Monday, July 19, 2004

HOME

The sun is high at six in the evening as the train pulls into South Bend. For the last half hour of the ride it has raced along the tracks, across the green fields and through the trees and the little hidden rivers. As the train turns into our city we all look out on it and at the setting sun as if we’ve never seen a Walgreens, never seen a Masonic Lodge, never seen a landing strip before. We are all filled with wonder and gladness to return home.
No matter how good the trip was, no matter how enjoyable the journey to friends or place may have been there is nothing like the journey home and the walk into one’s own house. There is no relaxation like that the body takes when the feet plant themselves on the floor and seem to reach, like plant roots into the ground and draw up strength from being in this place: home.
People who have never loved their home don’t understand. People who have never been rooted to a palce cannot know what this is like. To come home and say, “New York was nice, yes. But it wasn’t South Bend. To travel to Amsterdam and say, “Well, yes, there were plenty of museums and the canals were lovely. But you can’t get two packs of Marlboros for four dollars at the Speedway gas station.”
Americans are addicted to rootlessness and in love with places they don’t belong. We are supposed to like our big cities and our individual lives and run from our families and the places that sustain us. But two days from Chicago were two days I couldn’t see the sky, and felt disconnected from the land. The neighborhoods on the North End now aren’t like the old neighborhoods, or like my neighborhood where everyone knows everyone else and everyone’s sister and mother and grandmother, where everyone is tangled together in invisible webs. Here, in my city there are buses and trains and cabs but courtesy is not simply a formality. You WILL see this cab driver again. So you’d better behave. This bus driver is your girlfriend’s cousin. So you are connected. Everything is related to everything. The woman at the cigarette shop with not charge you for what you bought today because she likes you. The librarians will wave your fines. If you ask a waitress for free dessert she will think about it a moment, and then come out with one. Money is not quite as powerful as sheer decency.
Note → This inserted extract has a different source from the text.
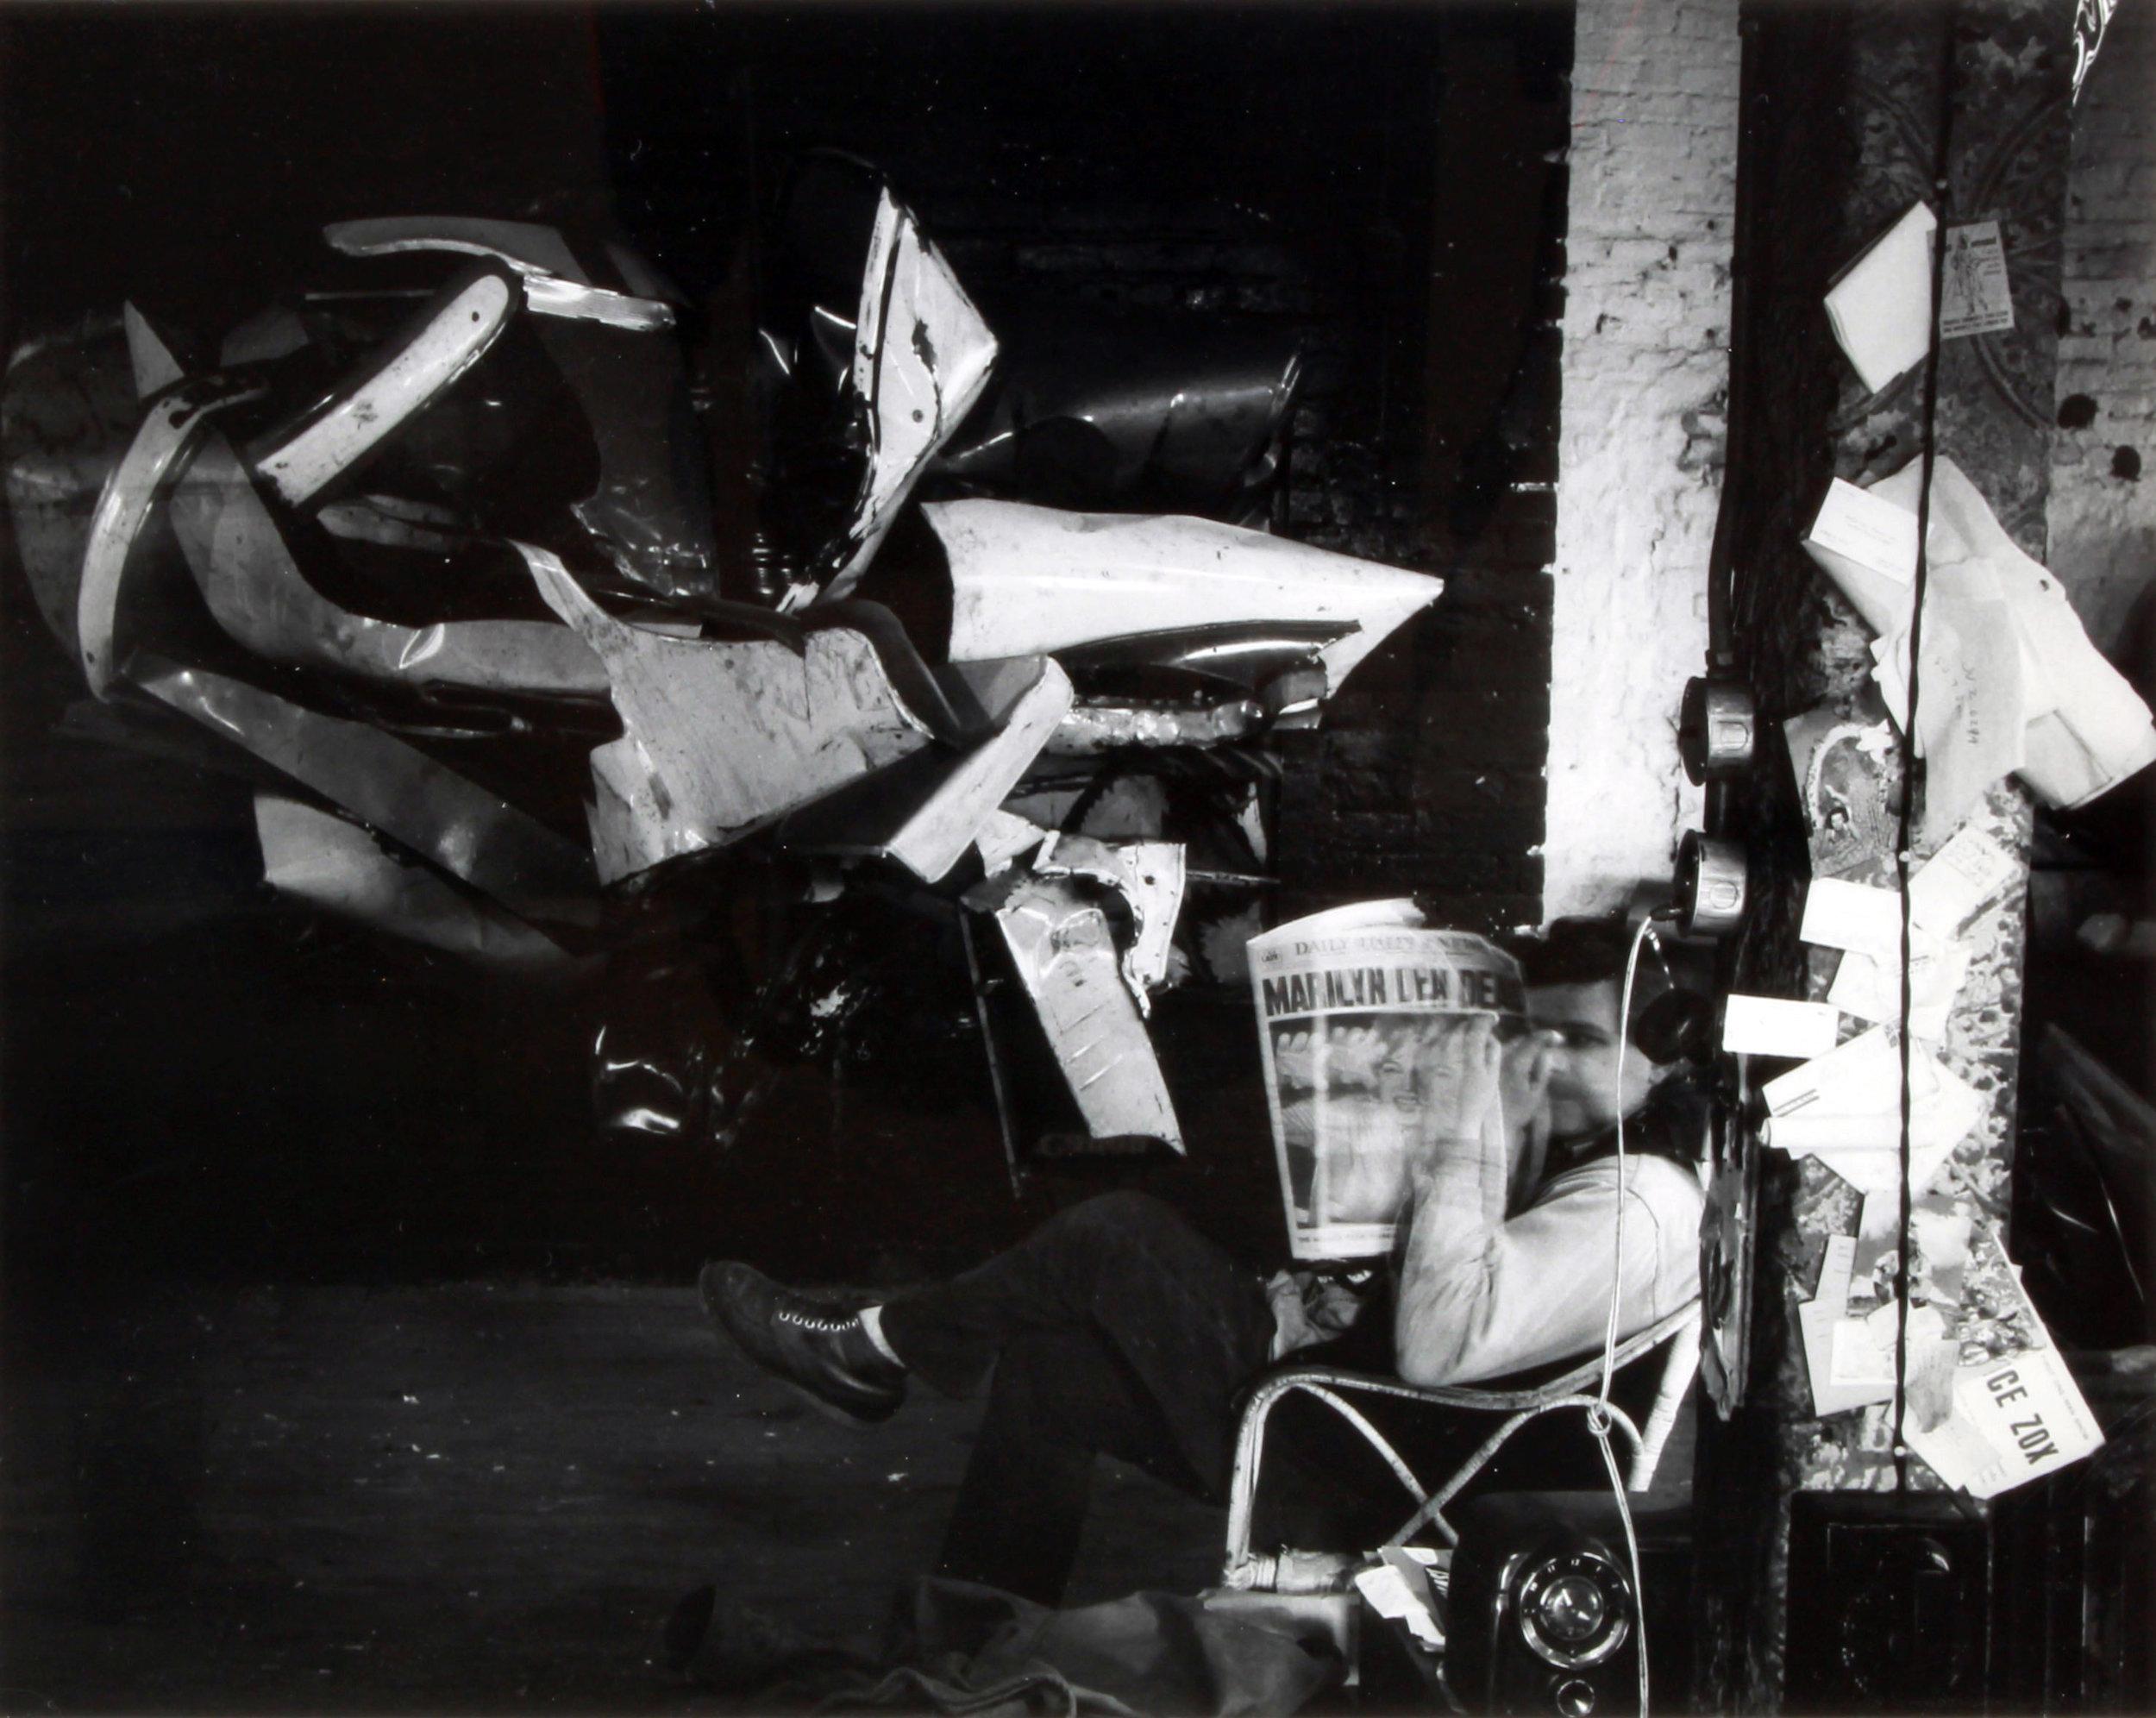 Hollis Frampton | John Chamberlain (1963)
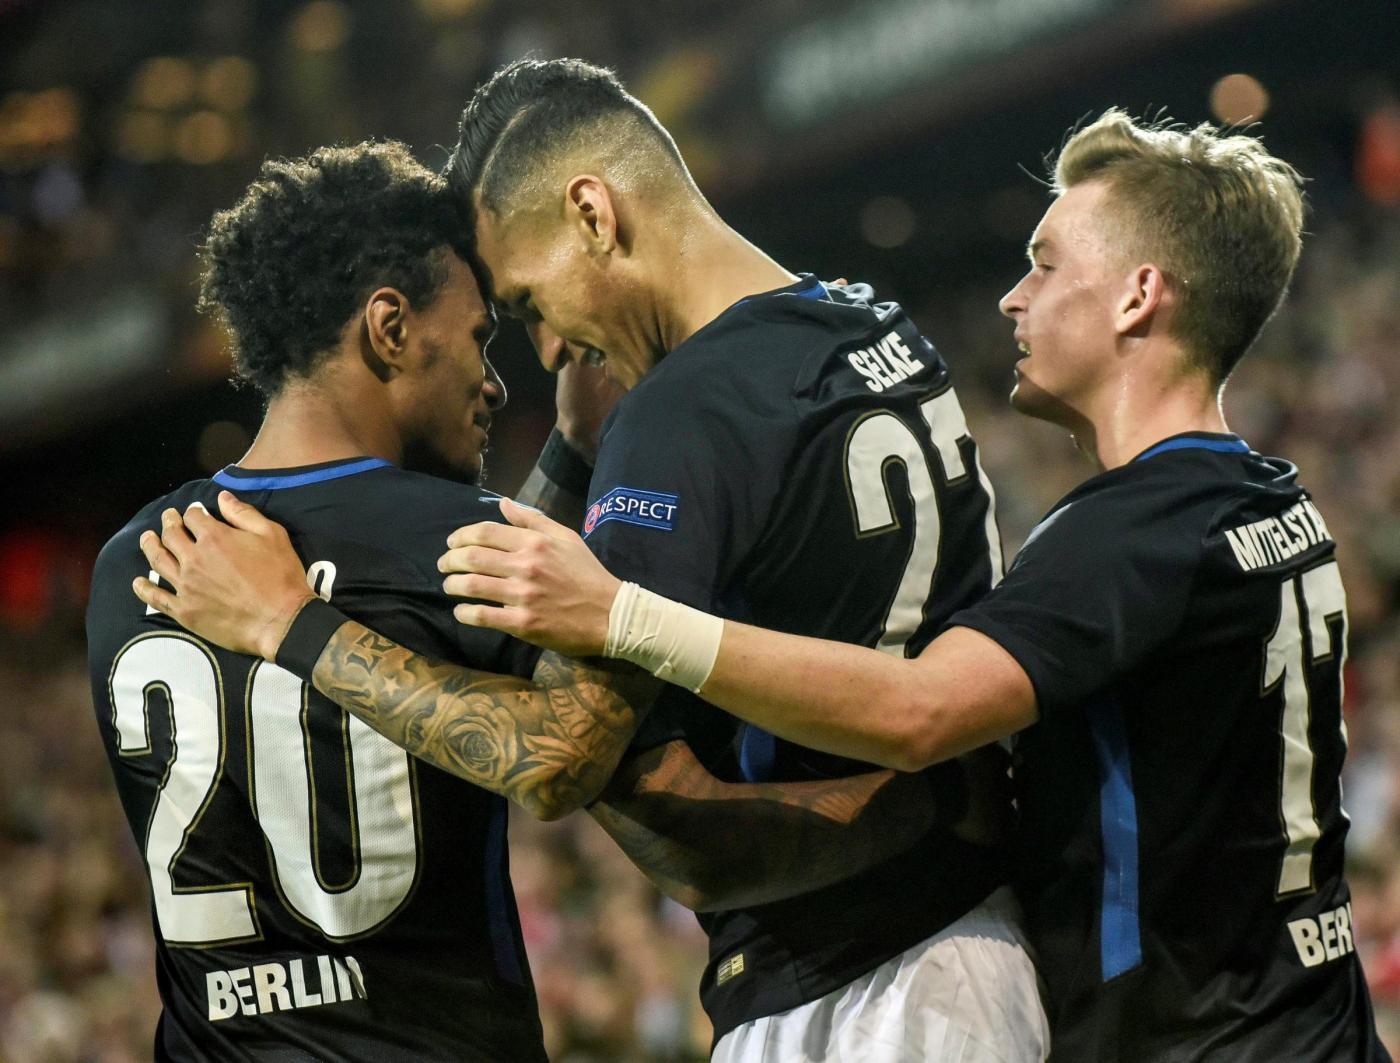 Bundesliga, Hertha-Friburgo pronostico: locali senza vittorie da sette turni

On the busy streets of down town lawyers wave to you, the trolley drivers lean out their windows and shout to you. You must give to the bums because, yes… they know you. You are wholly responsible, wholly cared for, wholly a part of this city and, therefore… whole.

2 comments:

Anonymous said...

Hey Chris. I'm tired and past writing today, but I had to stop by and let you know that this and the last post spoke to me, reached me.

Home is a strange subject and perhaps one that I ought to explore, because part of my malaise is the feeling that I don't have a home.

andrew

Chris said...

Home's funny because the feeling can come and go. Often it helps to leave just to appreciate what you left behind.